Published: Happy Days Issue 8 and StateOfTheGame.co.uk, 5th January 2007, http://stateofthegame.co.uk/2007/01/05/manchester-united-and-northern-ireland-a-special-bond/
At the beginning of last year, while visiting a friend in Manchester I decided to make the most of the opportunity and head down to Old Trafford. Manchester United is a club steeped in history, and the on-site museum ensured that I was reminded of this. The Munich air crash of 1958 followed by European success ten years later, the troublesome seventies and the Fergie Era. The stories which had been written on the football field were being treasured and told to a younger generation some 50 feet away. However the one display that dominated the ground floor of the club museum was a tribute to the then recently deceased George Best. It served as a poignant reminder of a Northern Ireland connection with arguably the most famous club in the world. Indeed a glance at the museum’s International honours list shows an impressive number of players who have represented both the Red Devils and Northern Ireland. No club can boast more Ulster representatives than the Manchester outfit.

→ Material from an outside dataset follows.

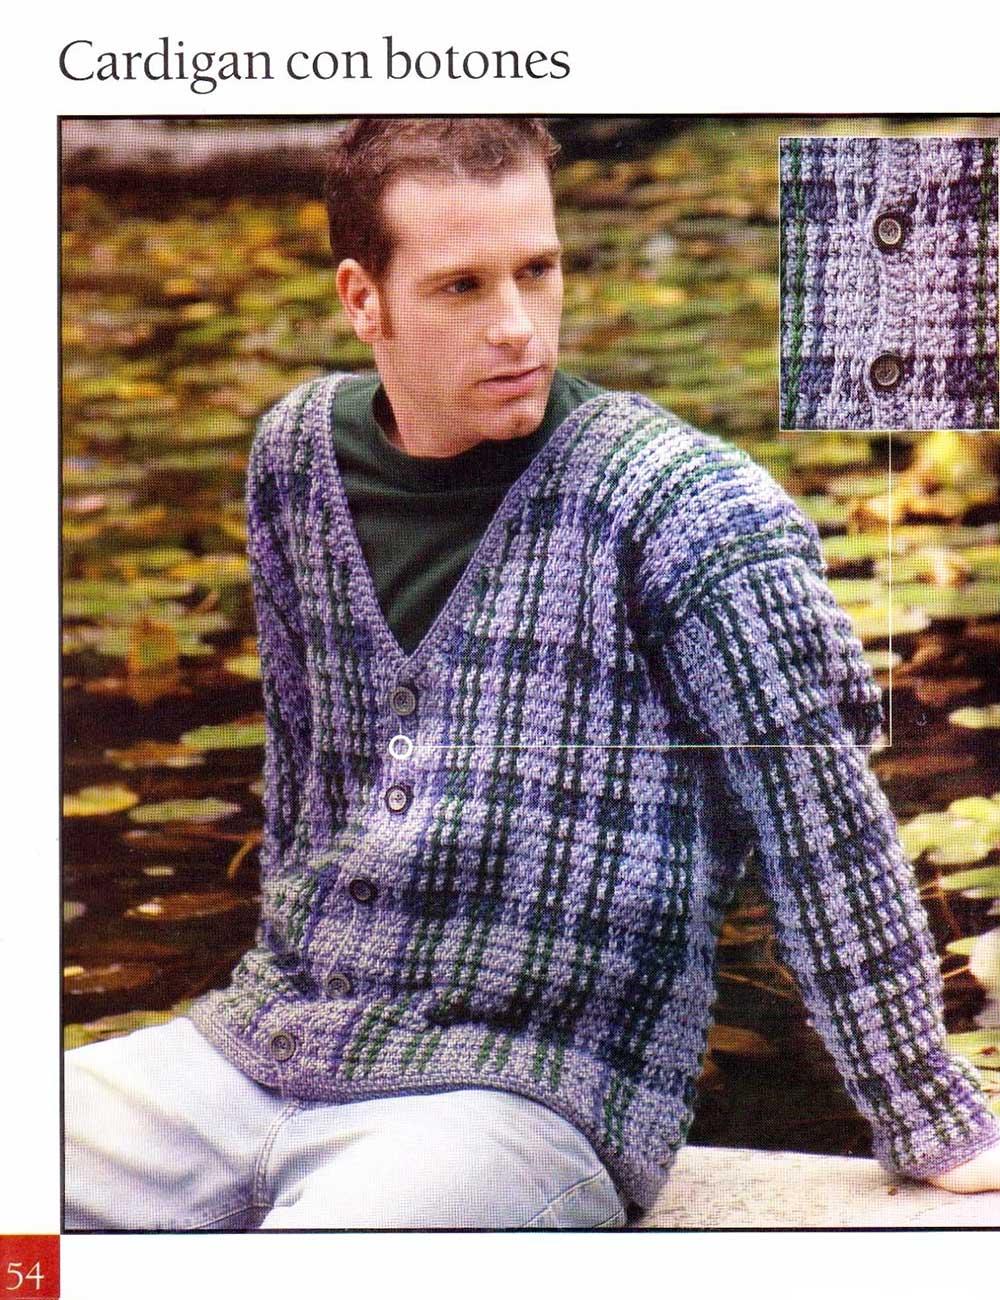 chaqueta hombre crochet, chaqueta ganchillo hombre, patrones crochet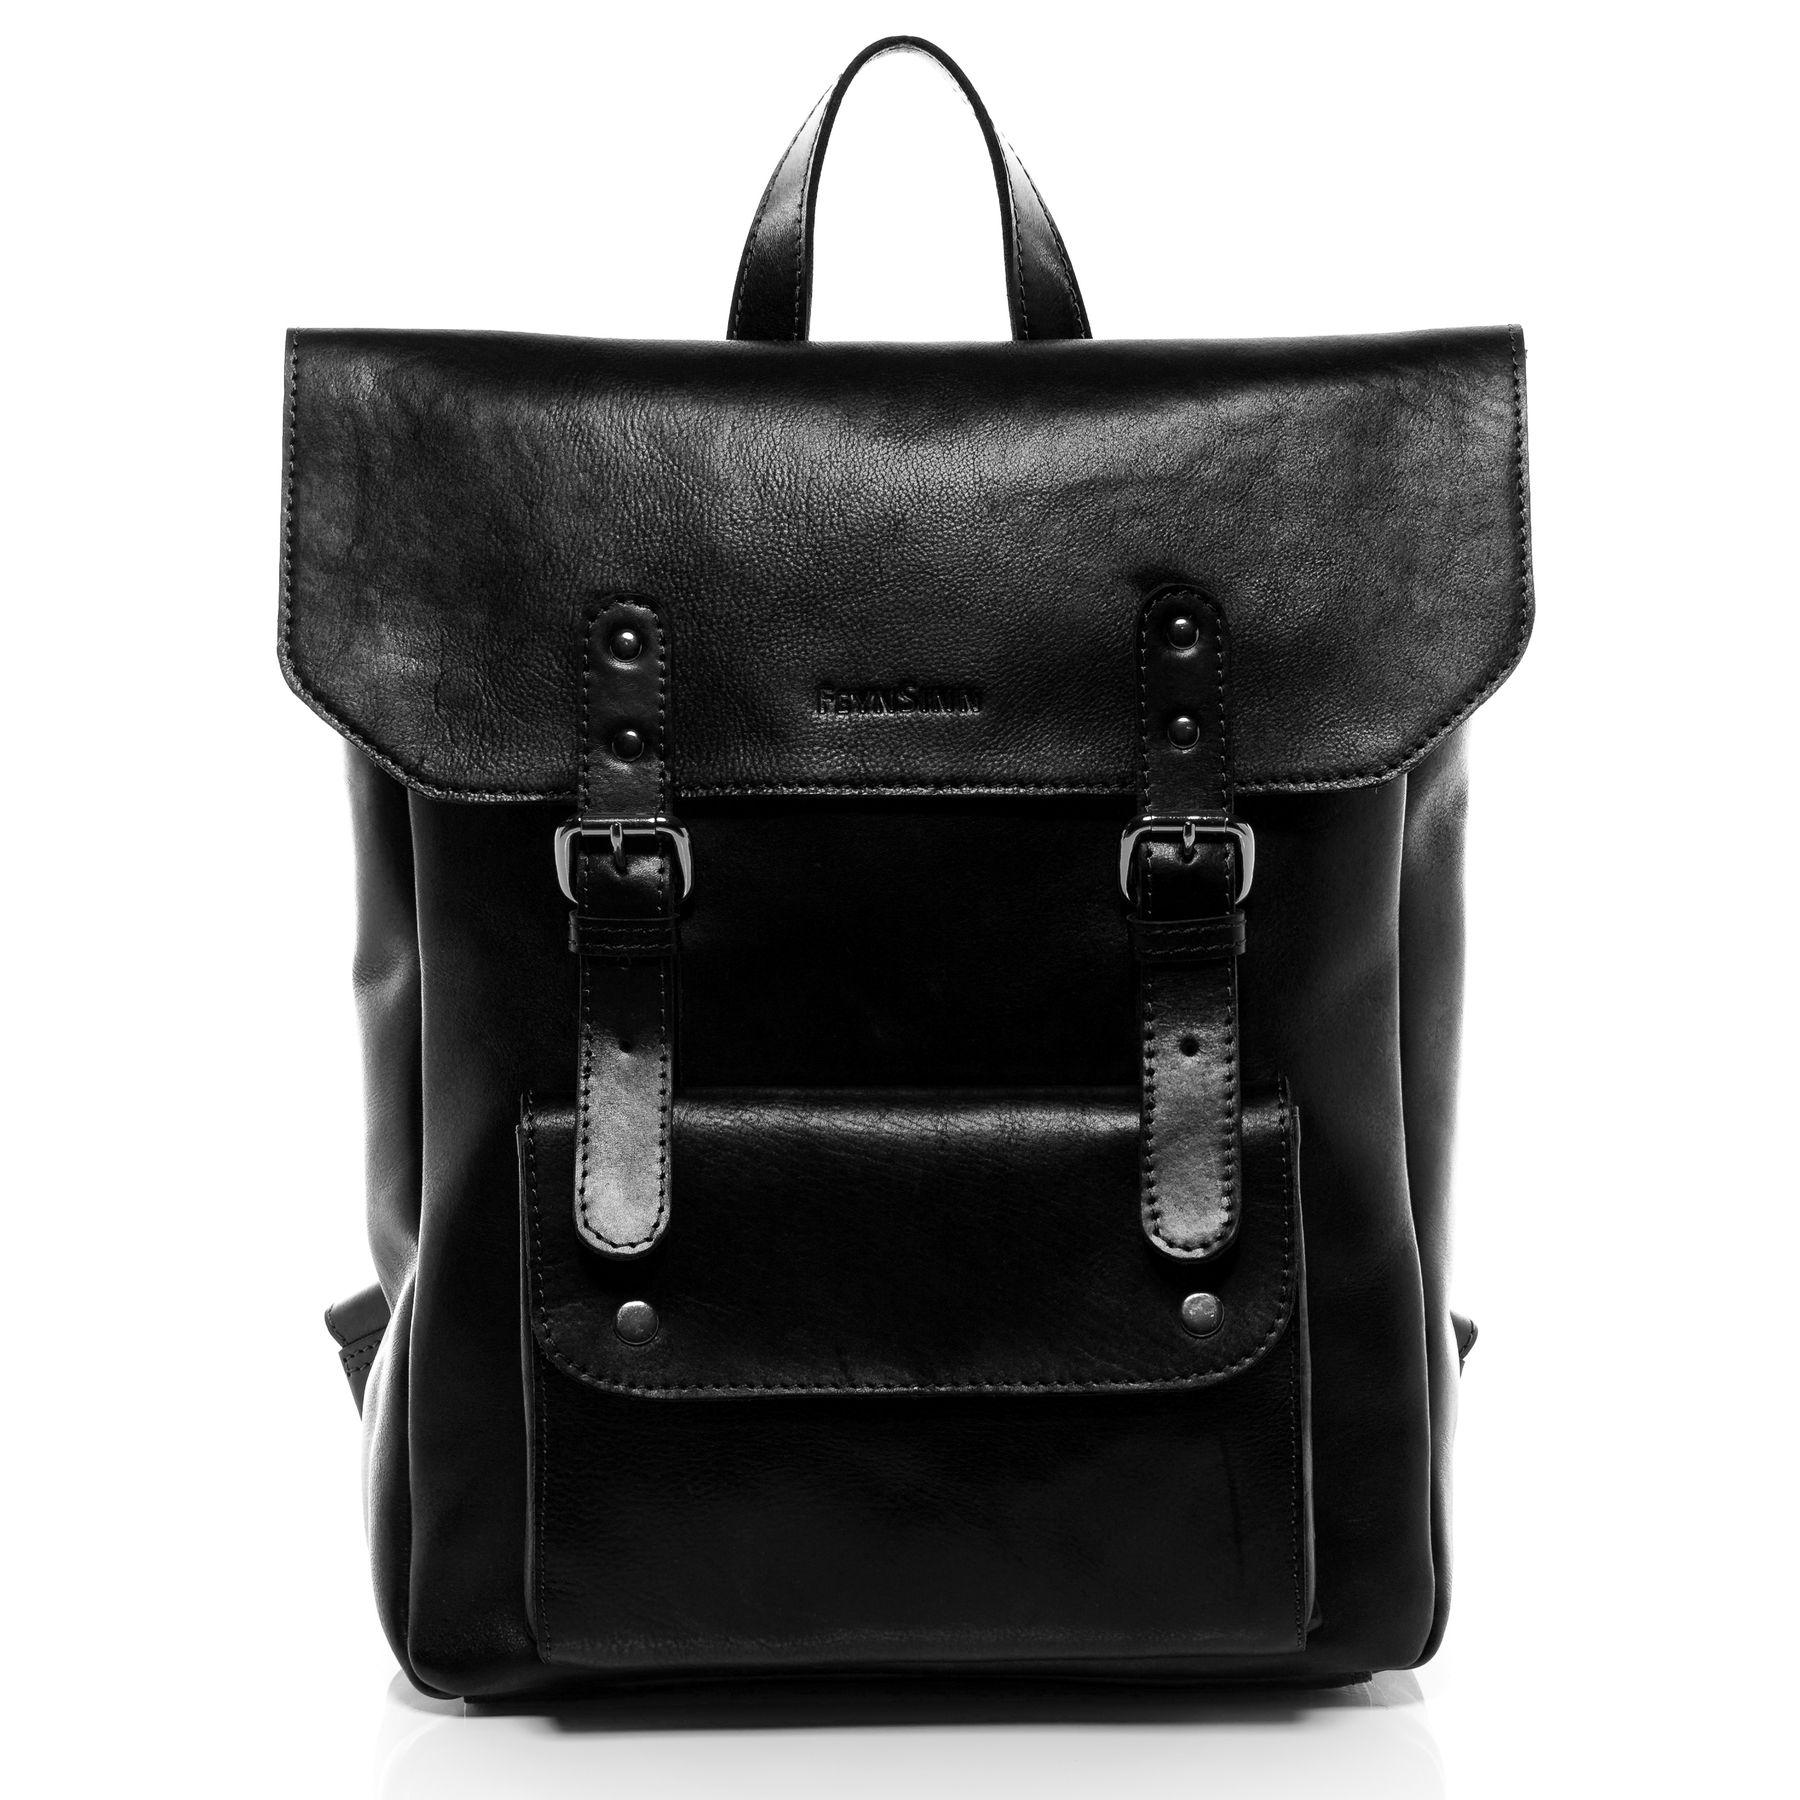 12c9527309 FEYNSINN sac à dos mince cuir noir sacs portés dos backpack ville voyage  scolaire Sacs Sacs homme

Whilst George Best is undoubtedly the most recognisable link, no fewer than 28 players have appeared in both the Red and Green shirts, notching up over 750 caps between them. Recognisable names like Best, Sammy McIlroy and Jimmy Nicholl jump out from the engraved list. History makers too such as John Peden who scored Ireland’s first hat trick and Norman Whiteside who became the youngest ever player to appear in a World Cup in 1982. Survivors of the Munich disaster, Harry Gregg and Jackie Blanchflower are names held in high esteem on both sides of the Irish Sea. The crash ended Blanchflower’s career and Gregg became a named associated with courage, although the big Coleraine man is quick to stifle any attempts to label him a hero. It is true he should be remembered for his performances between the sticks, yet many people seek to define him through what he did that night on the runway.
Recent years too have seen Irishmen emerging from the home dressing room at the Theatre of Dreams. Keith Gillespie and David Healy may not have featured highly in Alex Ferguson’s plans but their pedigree upbringing has benefited the national team immensely. The same cannot be said of Pat McGibbon and Phil Mulryne who never lived up to their youthful potential. The former finds himself back home in the Irish League with Portadown and the latter who is reaching the supposed peak years of his career has yet to find a club for the 2006/07 season. Roy Carroll did make a name for himself at Old Trafford, although unfortunately it was more due to some high profile mistakes rather than his shot stopping ability. He remains however, the only Ulsterman to have won a Premiership medal.
And the future for both club and country is bright. Whilst Derry born Darron Gibson has opted to play for the Republic, Jonny Evans has the opportunity to prove to Ferguson he has every right to be involved in the first team if he performs well under another Irishman, Roy Keane, at Sunderland. His younger brother Corey and Craig Cathcart who are also on United’s books, are two more names that might just be engraved in that honours list someday. As long as Northern Ireland keep producing, and Manchester keeps nurturing, there will always be a special relationship between the two, and some successful teams as well.